# PCAP Analysis Test Notebook

This notebook tests the PCAP/CSV analysis pipeline.

**What it does:**
1. Loads the trained models
2. Extracts features from PCAP files (or uses existing CSV)
3. Runs threat detection
4. Shows results

**Prerequisites:**
- Trained models in `models/` directory
- NFStream installed: `pip install nfstream`
- For Windows: Npcap must be installed (https://npcap.com/)


In [None]:
# Setup path and imports
import sys
from pathlib import Path

# Add src to path
sys.path.insert(0, str(Path.cwd().parent / 'src'))

# Check imports
try:
    from predictor import NetworkThreatPredictor
    from feature_extractor import PCAPFeatureExtractor, CICIDS2017_FEATURES
    from analyzer import NetworkThreatAnalyzer
    print("✓ All modules imported successfully!")
except ImportError as e:
    print(f"✗ Import error: {e}")
    print("Make sure you're running from the notebooks/ directory")

# Check NFStream availability
try:
    import nfstream
    print(f"✓ NFStream version: {nfstream.__version__}")
except ImportError:
    print("⚠ NFStream not installed. Install with: pip install nfstream")
    print("  On Windows, you also need Npcap: https://npcap.com/")


## 1. Initialize the Analyzer


In [None]:
# Initialize the analyzer (loads models automatically)
analyzer = NetworkThreatAnalyzer()


## 2. Test with CSV File (Quick Test)

First, let's test the prediction pipeline using one of the existing CSV files from the CICIDS2017 dataset.


In [None]:
# Test with a small sample from the DDoS file
import pandas as pd
from pathlib import Path

DATASET_DIR = Path.cwd().parent / 'dataset'

# Load a small sample for quick testing
test_file = DATASET_DIR / 'Friday-WorkingHours-Afternoon-DDos.pcap_ISCX.csv'
print(f"Loading test file: {test_file.name}")

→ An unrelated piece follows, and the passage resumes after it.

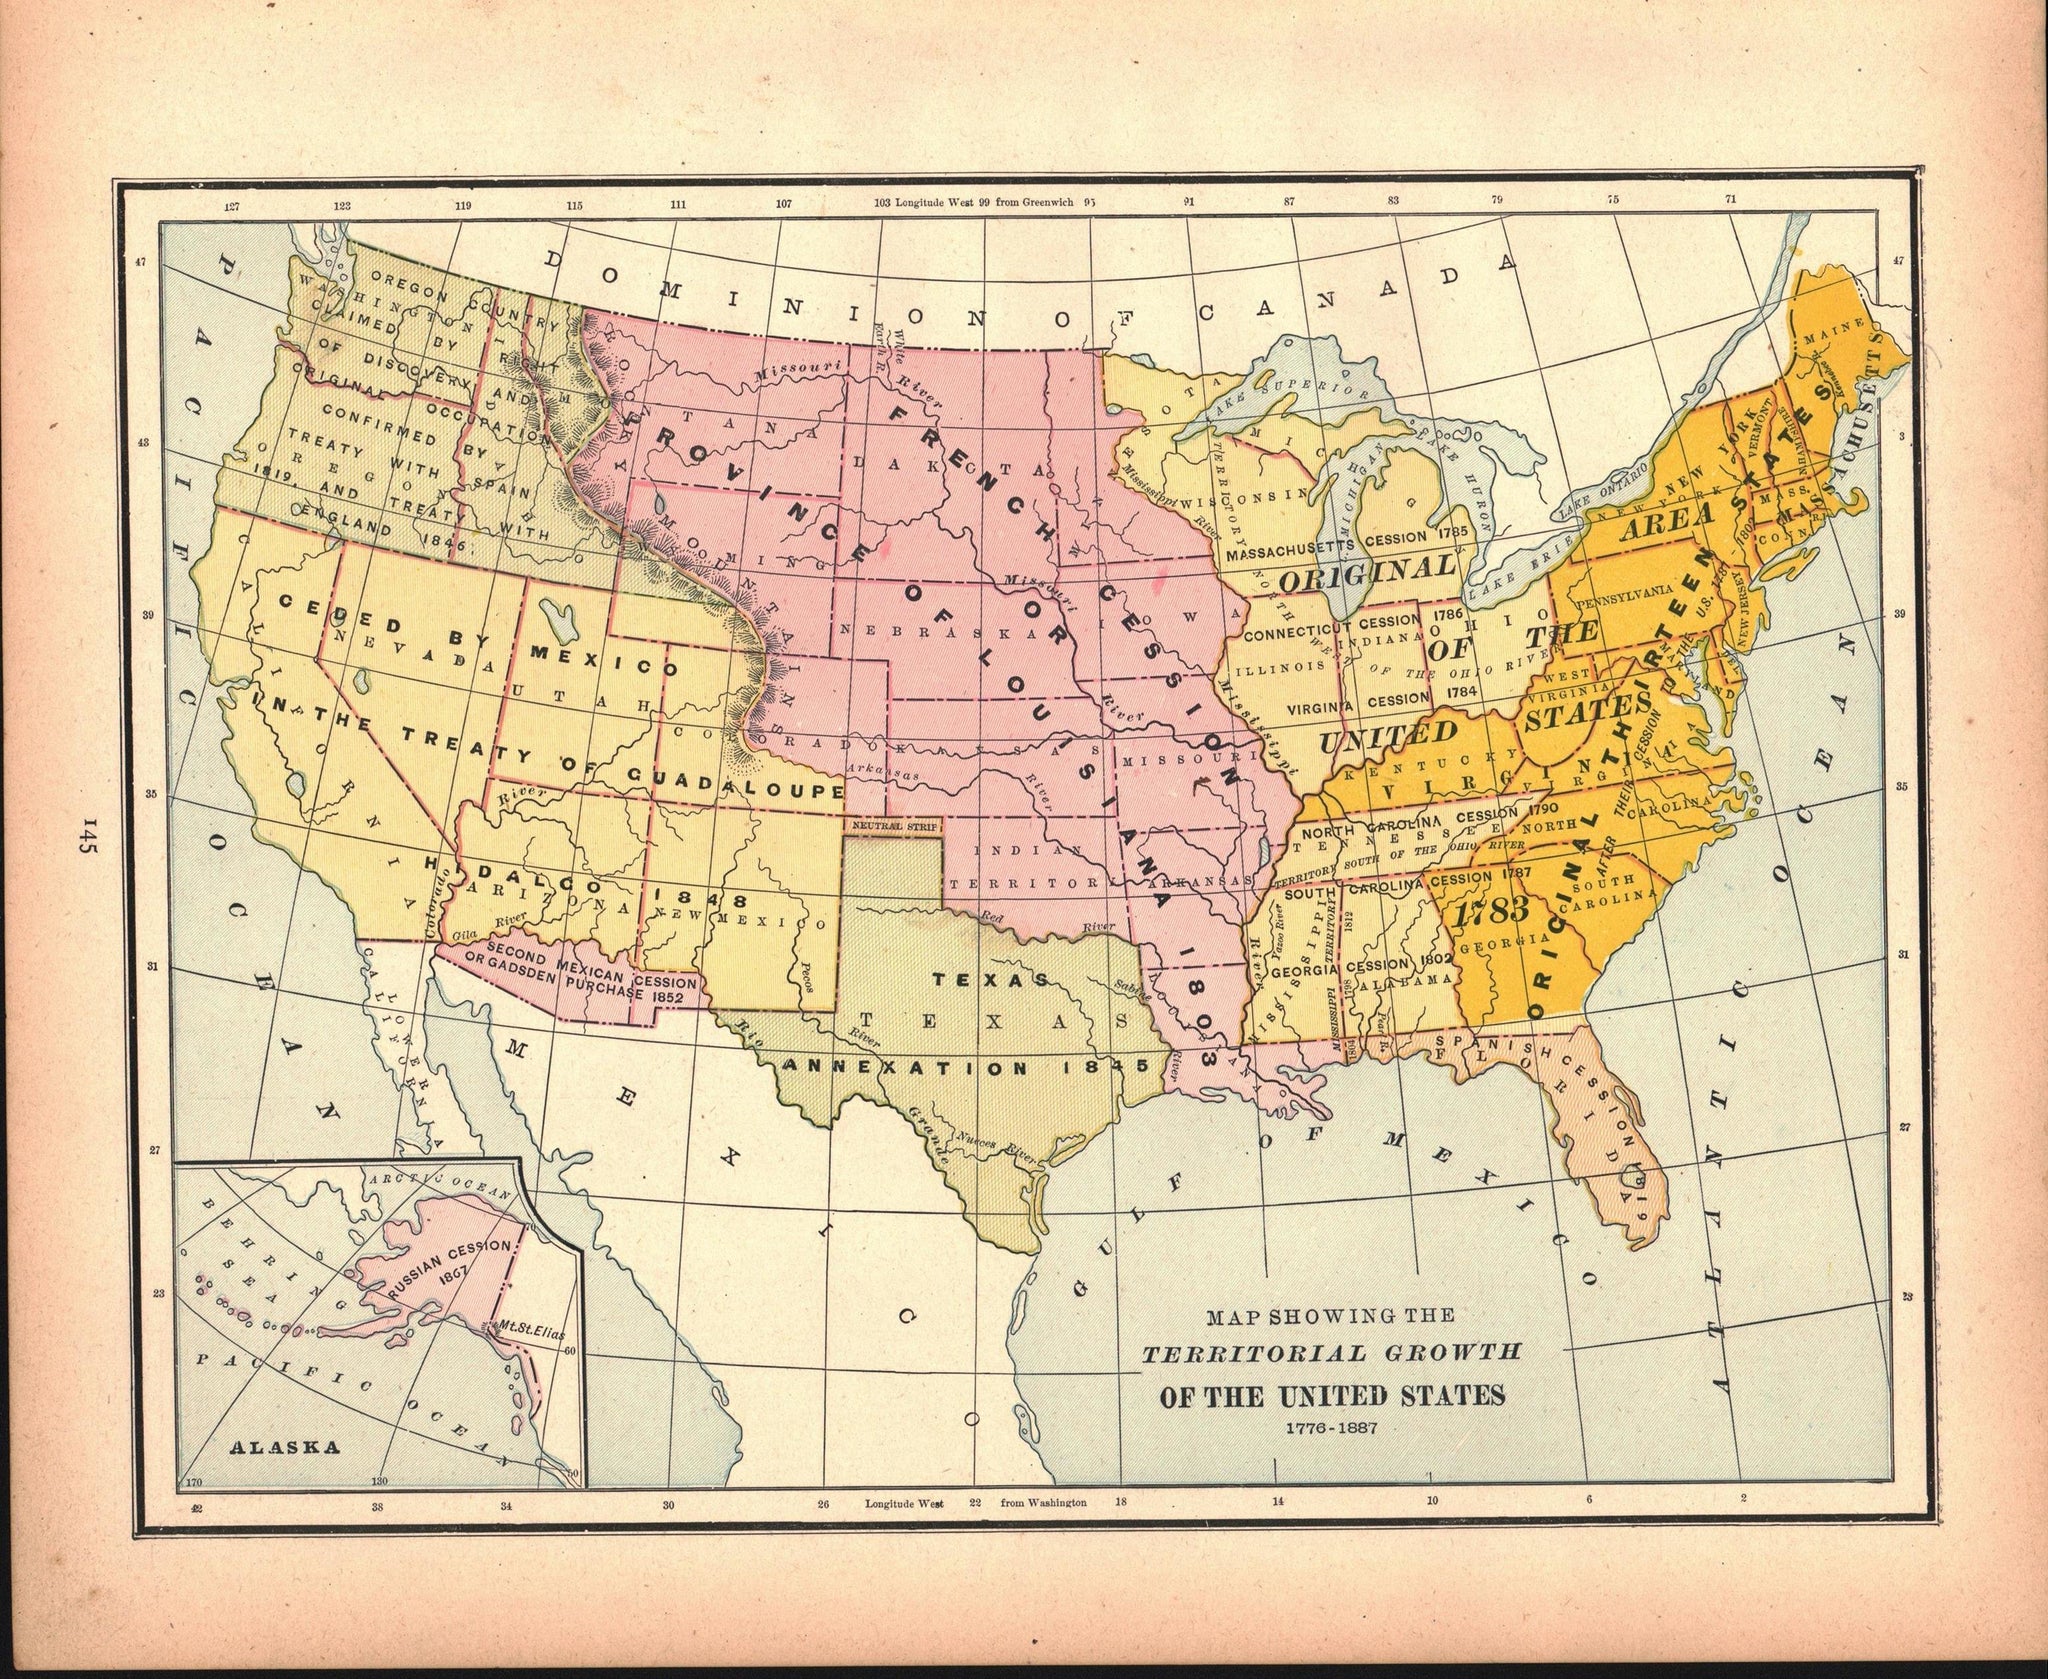 1887 Territorial Growth of the United States - Cram - Historic Accents

df_test = pd.read_csv(test_file, nrows=1000)
df_test.columns = df_test.columns.str.strip()
print(f"Loaded {len(df_test)} rows")
print(f"\nActual labels in sample:")
print(df_test['Label'].value_counts())


In [None]:
# Run predictions using the predictor directly
predictions = analyzer.predictor.predict(df_test, model_type='multiclass')
print(f"Predictions made: {len(predictions)}")
print(f"\nPrediction distribution:")
unique, counts = pd.Series(predictions).value_counts().items(), pd.Series(predictions).value_counts().values
for label, count in pd.Series(predictions).value_counts().items():
    print(f"  {label}: {count}")


In [None]:
# Compare predictions with actual labels
from sklearn.metrics import accuracy_score, classification_report

# Get actual labels
actual_labels = df_test['Label'].values

# Calculate accuracy
accuracy = accuracy_score(actual_labels, predictions)
print(f"Accuracy on test sample: {accuracy:.4f} ({accuracy*100:.2f}%)")

print(f"\nDetailed Report:")
print(classification_report(actual_labels, predictions))


## 3. Test the Full Analysis Pipeline (CSV)


In [None]:
# Use the quick_scan function for fast analysis
results = analyzer.quick_scan(test_file, max_flows=5000)
print(f"\nQuick scan complete!")
print(f"Threat detected: {results['threat_detected']}")
print(f"Summary: {results['summary']}")


## 4. Test PCAP Feature Extraction

If you have a PCAP file, you can test the feature extraction here.

**Note:** This requires:
- NFStream installed (`pip install nfstream`)
- On Windows: Npcap installed (https://npcap.com/)


In [None]:
# Check if NFStream is available
extractor = PCAPFeatureExtractor()

if extractor.nfstream_available:
    print("✓ NFStream is available!")
    print(f"  Ready to process PCAP files")
    print(f"\nRequired features for model: {len(CICIDS2017_FEATURES)}")
else:
    print("⚠ NFStream not available")
    print("To install:")
    print("  1. pip install nfstream")
    print("  2. On Windows, install Npcap: https://npcap.com/")


In [None]:
# OPTIONAL: Test with a PCAP file
# Uncomment and modify the path to test with your PCAP file

# pcap_file = Path("path/to/your/file.pcap")
# 
# if pcap_file.exists() and extractor.nfstream_available:
#     print(f"Analyzing PCAP: {pcap_file}")
#     results = analyzer.analyze_pcap(pcap_file, model_type='multiclass', max_flows=10000)
#     print(f"\nResults: {results['summary']}")
# else:
#     print("PCAP file not found or NFStream not available")

print("Uncomment the code above to test with a PCAP file")


## 5. Example: Full CSV Analysis with Results Saved


In [None]:
# Full analysis with results saved to disk
# Using a small sample for demonstration

import pandas as pd

# Load a sample and save as a test file
sample_df = pd.read_csv(test_file, nrows=2000)
sample_file = Path.cwd().parent / 'data_processed' / 'test_sample.csv'
sample_file.parent.mkdir(exist_ok=True)
sample_df.to_csv(sample_file, index=False)
print(f"Created test sample: {sample_file}")

# Run full analysis
print("\nRunning full analysis...")
results = analyzer.analyze_csv(sample_file, model_type='multiclass', save_results=True)


In [None]:
# View the results dataframe
results_df = results['dataframe']
print(f"Results DataFrame shape: {results_df.shape}")
print(f"\nPrediction column added: {'Prediction' in results_df.columns}")
print(f"\nSample of predictions:")
print(results_df[['Destination Port', 'Flow Duration', 'Total Fwd Packets', 'Prediction']].head(10))


## Summary

✅ **Pipeline Components:**
1. `NetworkThreatPredictor` - Loads models and makes predictions
2. `PCAPFeatureExtractor` - Extracts CICIDS2017 features from PCAP files
3. `NetworkThreatAnalyzer` - End-to-end analysis pipeline

**Next Steps:**
1. Install NFStream and Npcap (for Windows) to enable PCAP analysis
2. Test with your real PCAP files
3. Integrate into your web application